# List the easiest fish to breed in an Aquarium?



## SpaceLord (Feb 29, 2016)

What are the easiest fish to breed in an Aquarium? 

I have a 55 gallon planted tank with Neon Tetra and they either never breed or they eat all the babies. 

The only fish that has breed and grown are these orange Platy fish and a single black neon tetra and I think that was kind of a freak accident because I had like 30 pounds of long hair algae in my aquarium before. 

Thanks.


----------



## Nordic (Nov 11, 2003)

You need a sudden inflow of colder humic water, some sand from a humic river for example combined with a water change to get those neons breeding once they are conditioned and full of eggs. Not an easy task.
Most fish will spawn and eat their eggs or offspring without you noticing. The more different fish in your tank, the less chance of raising any young.

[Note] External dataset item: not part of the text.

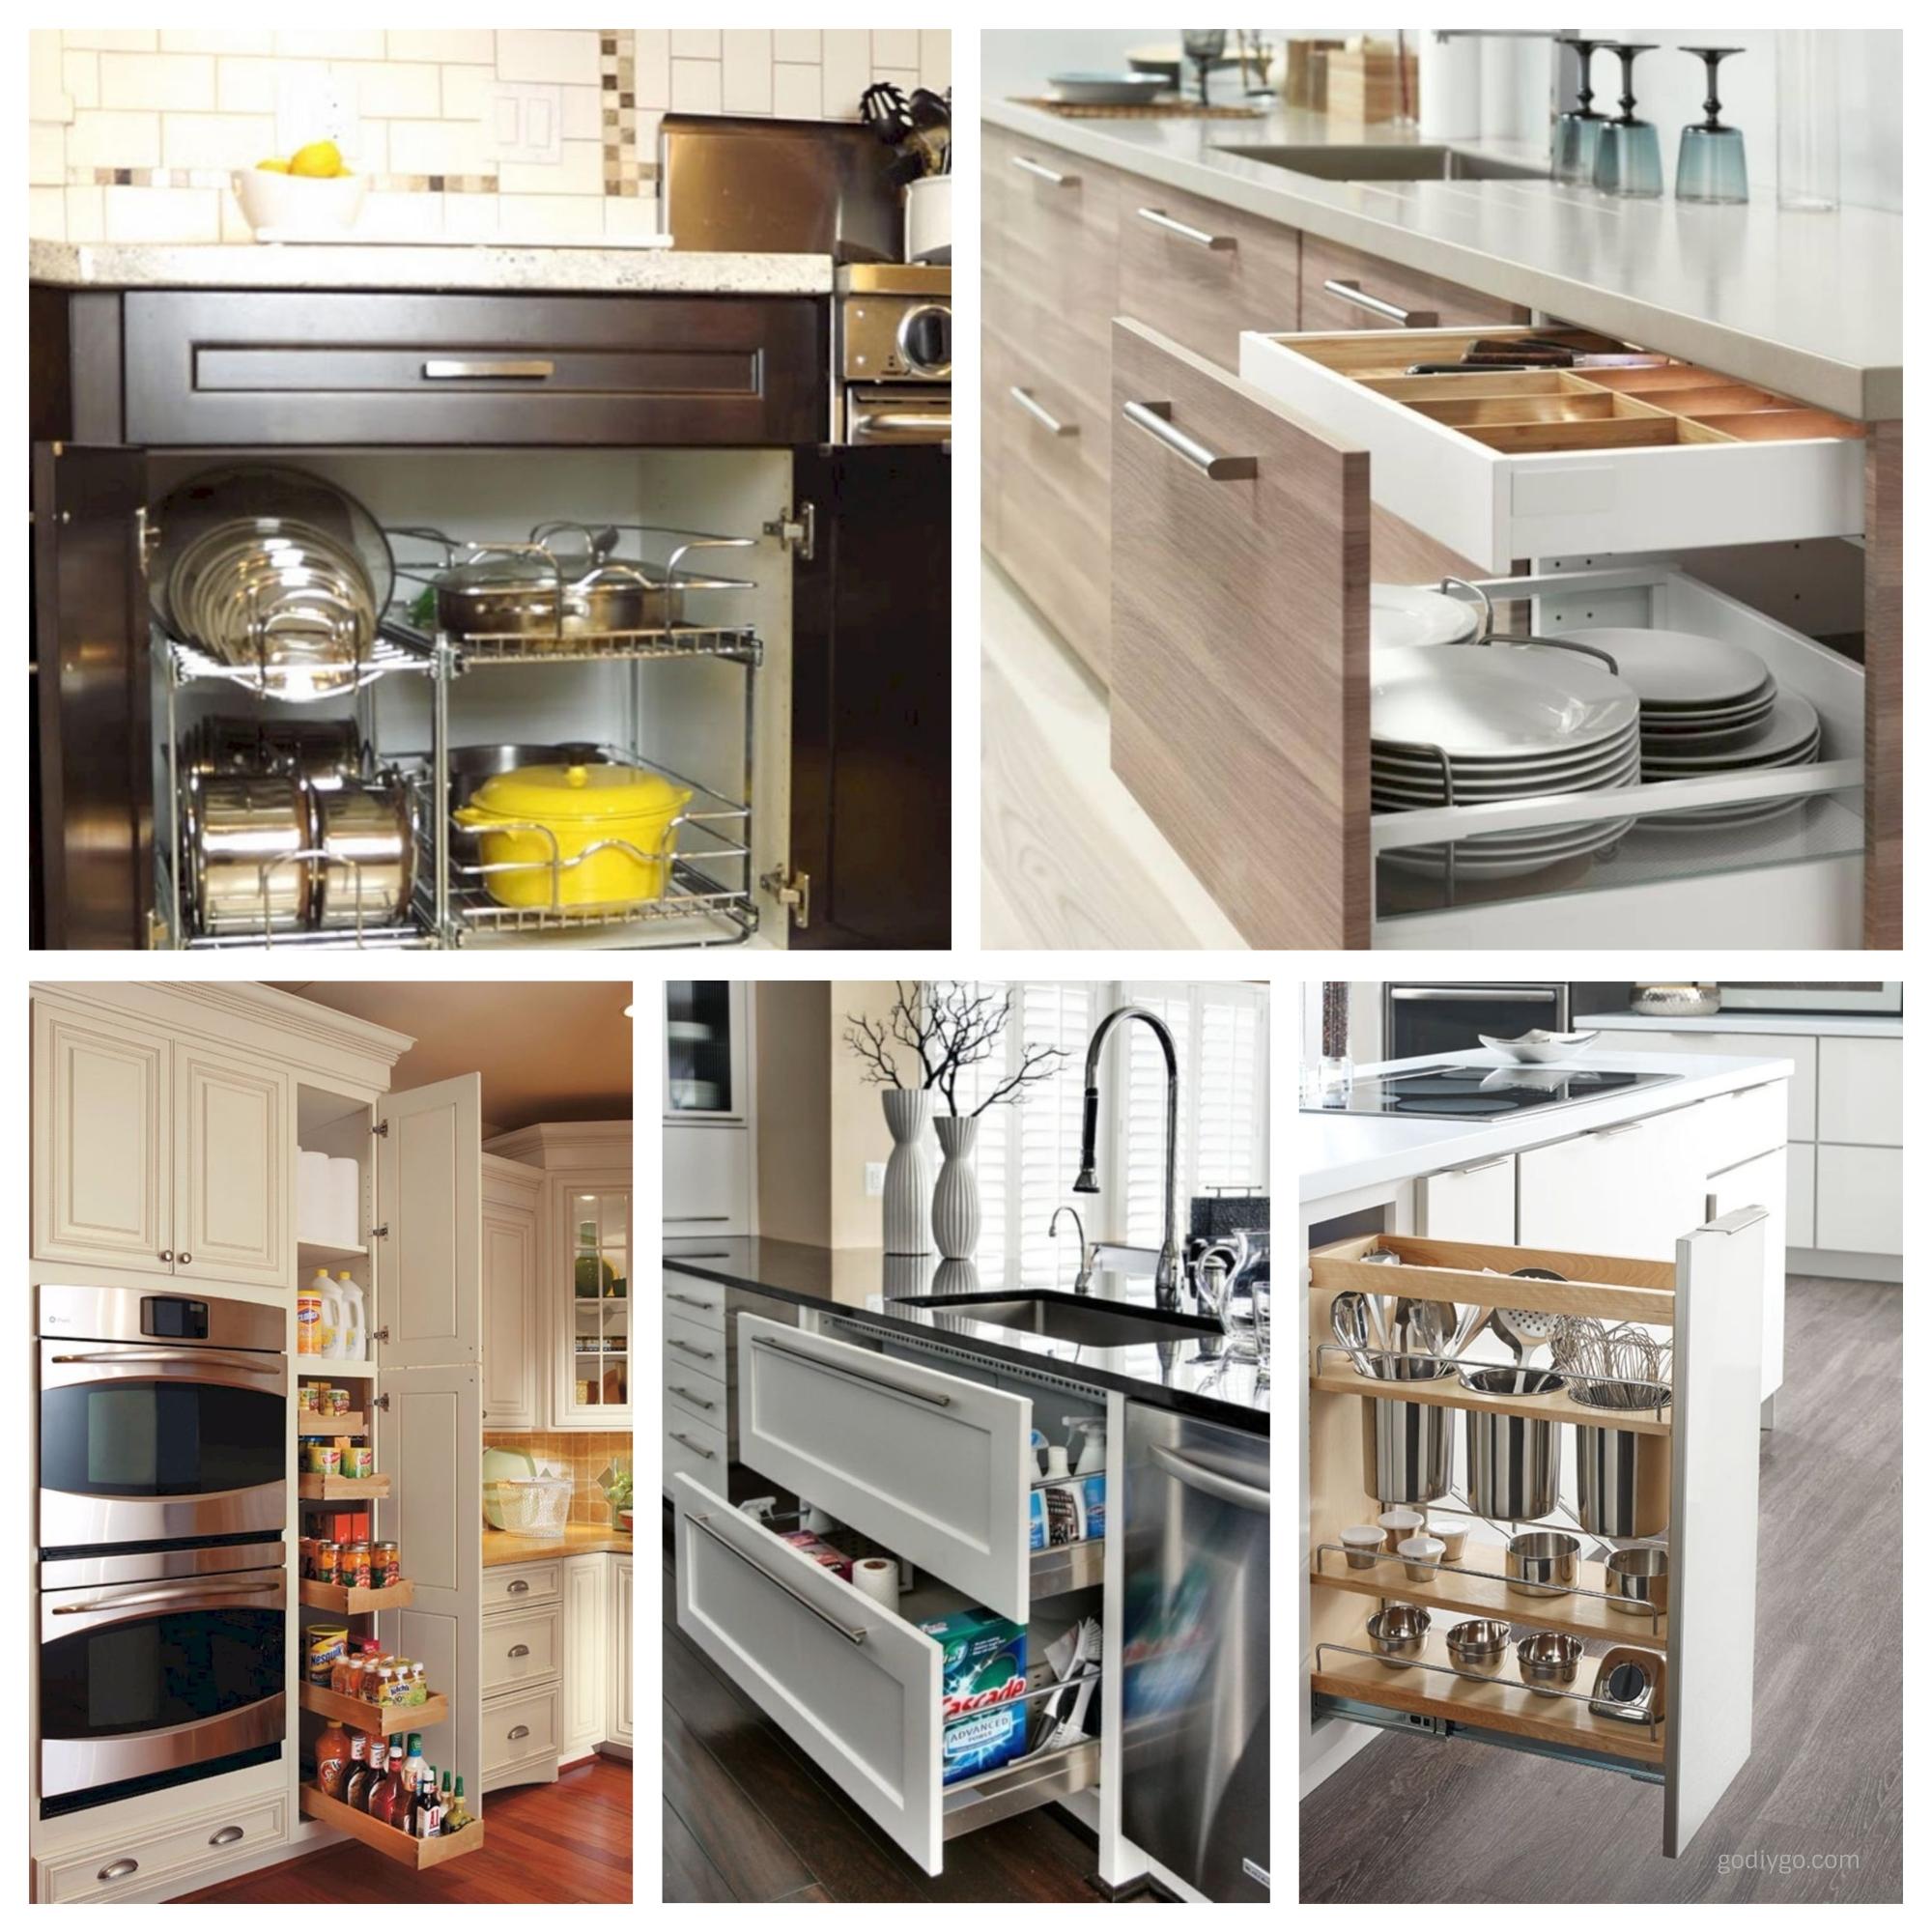 44 smart kitchen cabinet organization ideas godiygo com rh godiygo com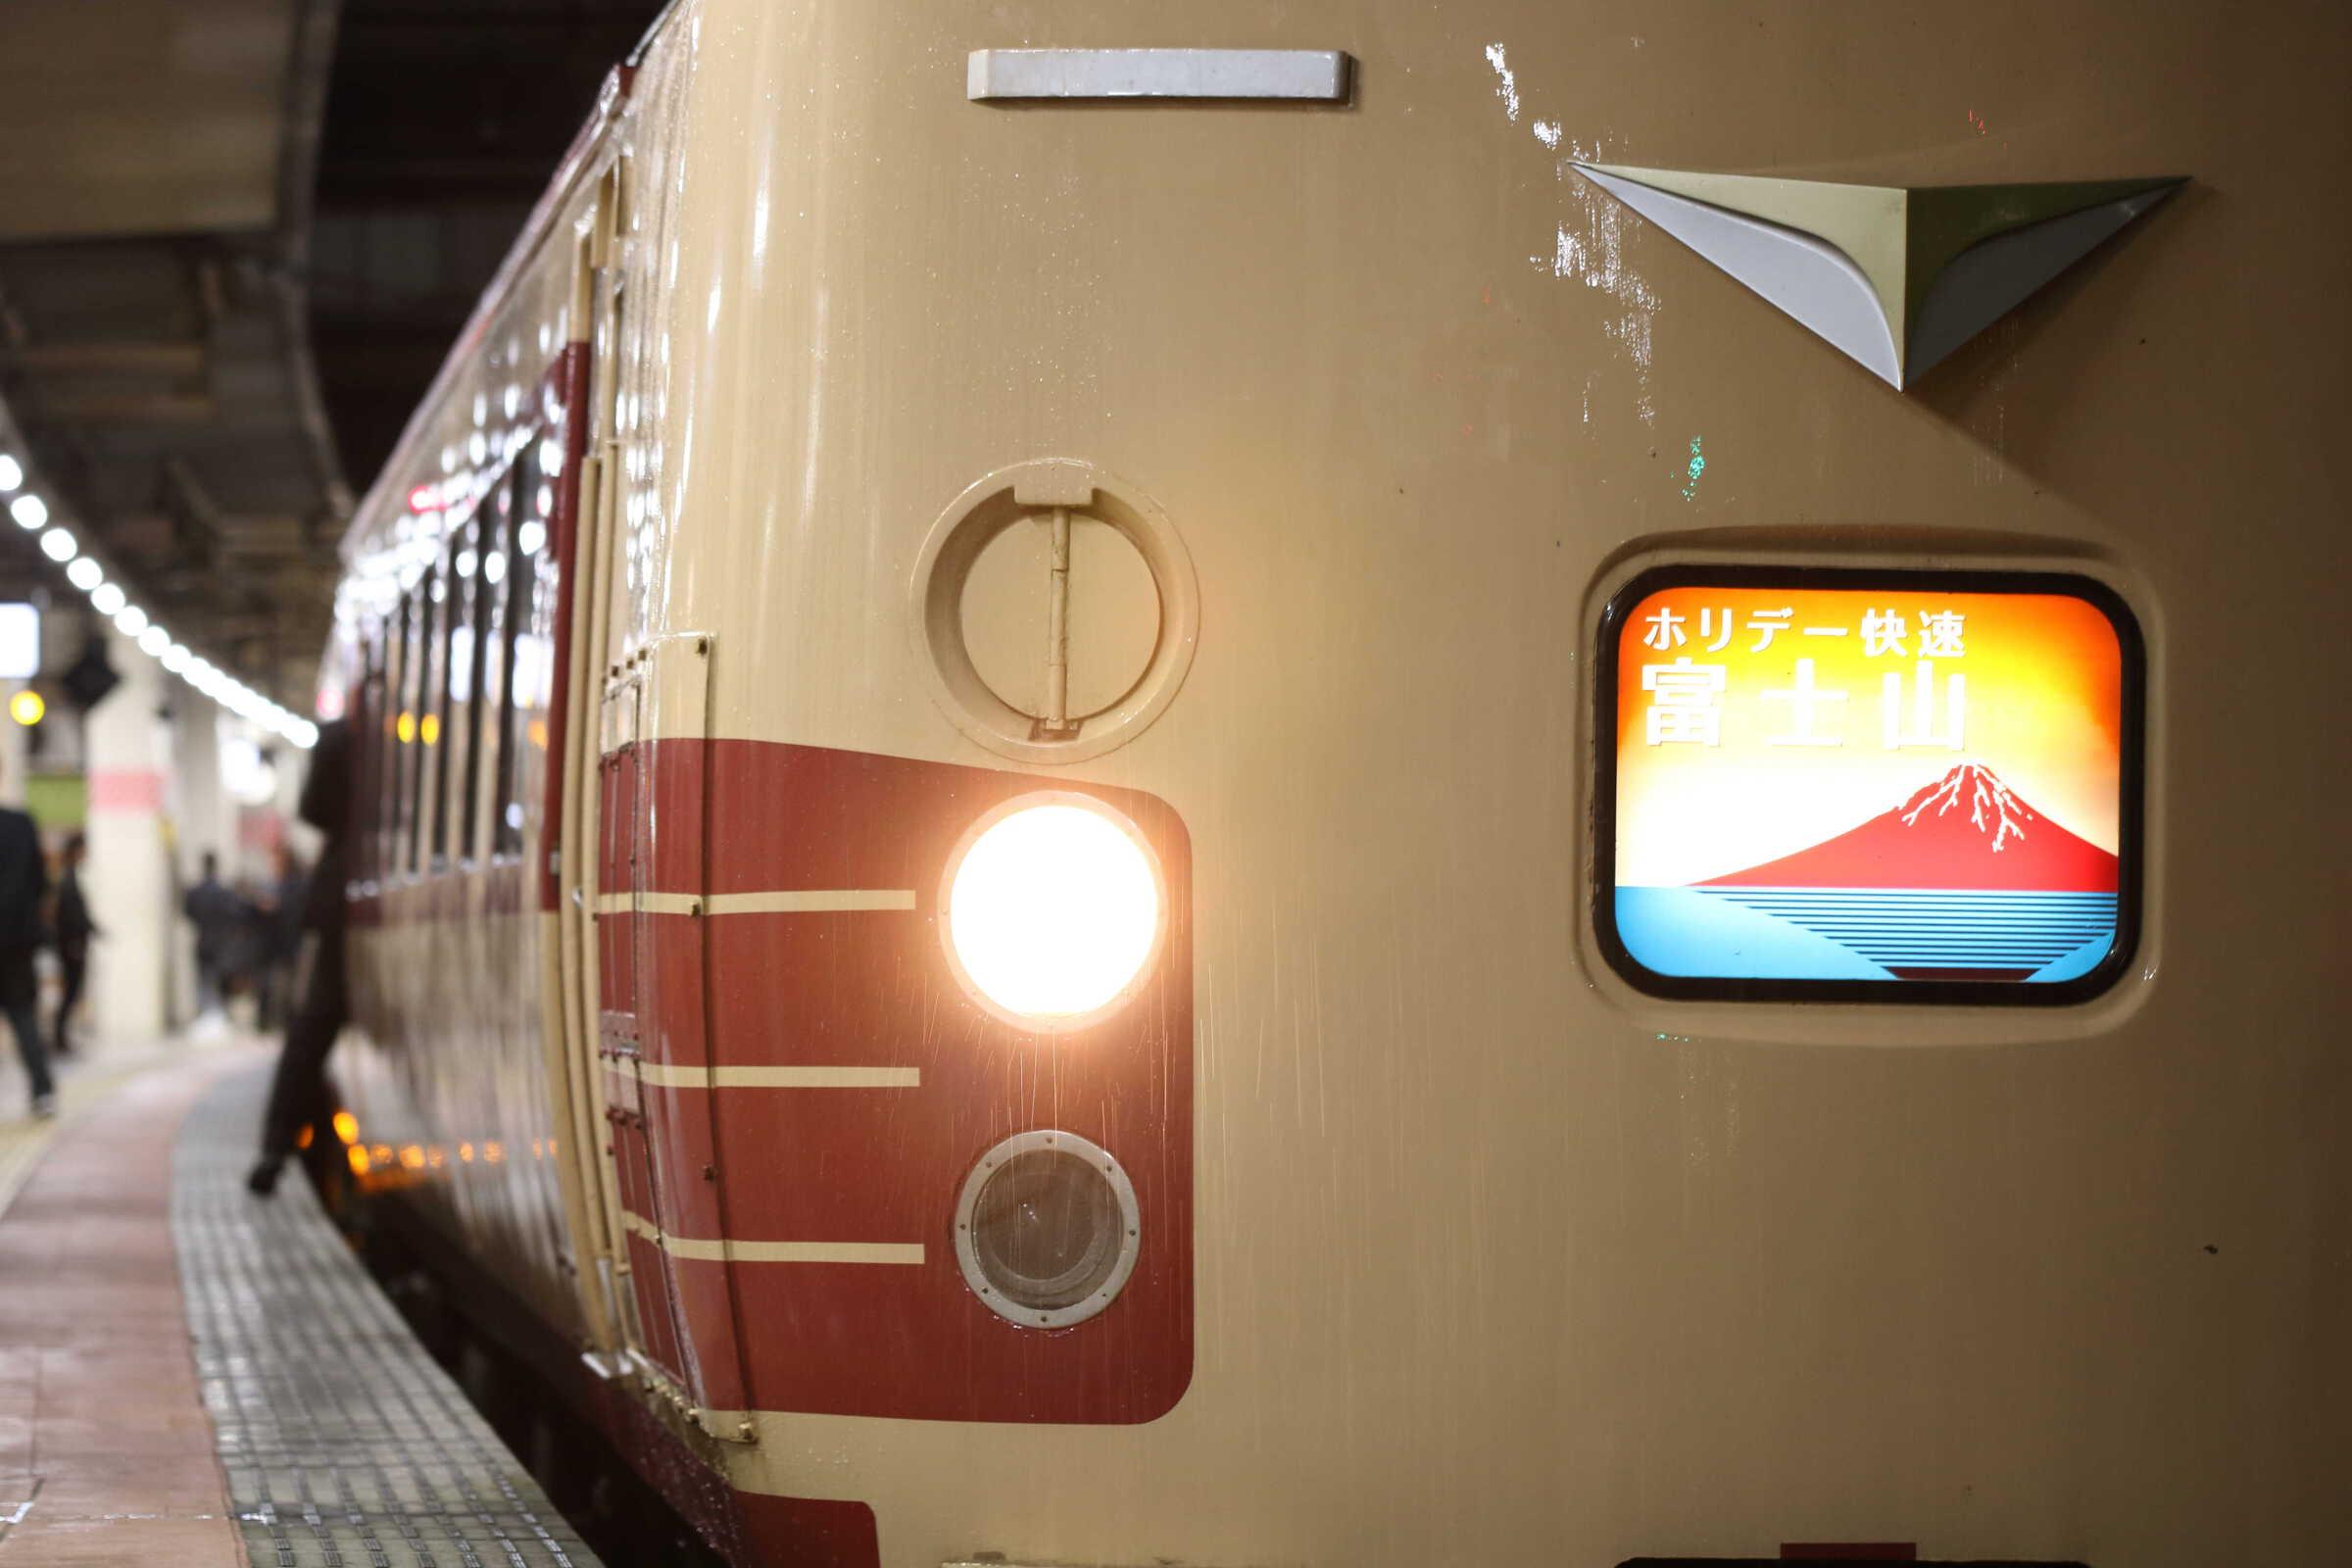 8570M 快速 ホリデー快速富士山2号 189系 八トタM51編成

Of the fish you list, the danios , white clouds and gourami's are easier to breed. And ease of raising fry is probably also in that order.


----------



## thedood (May 30, 2015)

Mollies of about any sort. Guppies.


----------



## Nordic (Nov 11, 2003)

Mollies can be finicky. Wouldn't be my choice for a beginner.
But one doesn't really breed livebearers. It takes some dedication stopping them doing so.
The trick is to catch the babies. You do this by observing your fish, you will eventually be able to tell almost exactly when they will have babies.
Then move the mother to the birth tank with lots of rocks and things babies can hide under while they get used to being alive. This tank should also have lots of floating cover. either plants (more messy) or things like upturned plastic spawning grass patches. You can scrunch a bunch of net together on one side of the tank, with holes too small for the females to go after fry.
Another thing is, if you keep them with other fish, you will loose more fry/eggs.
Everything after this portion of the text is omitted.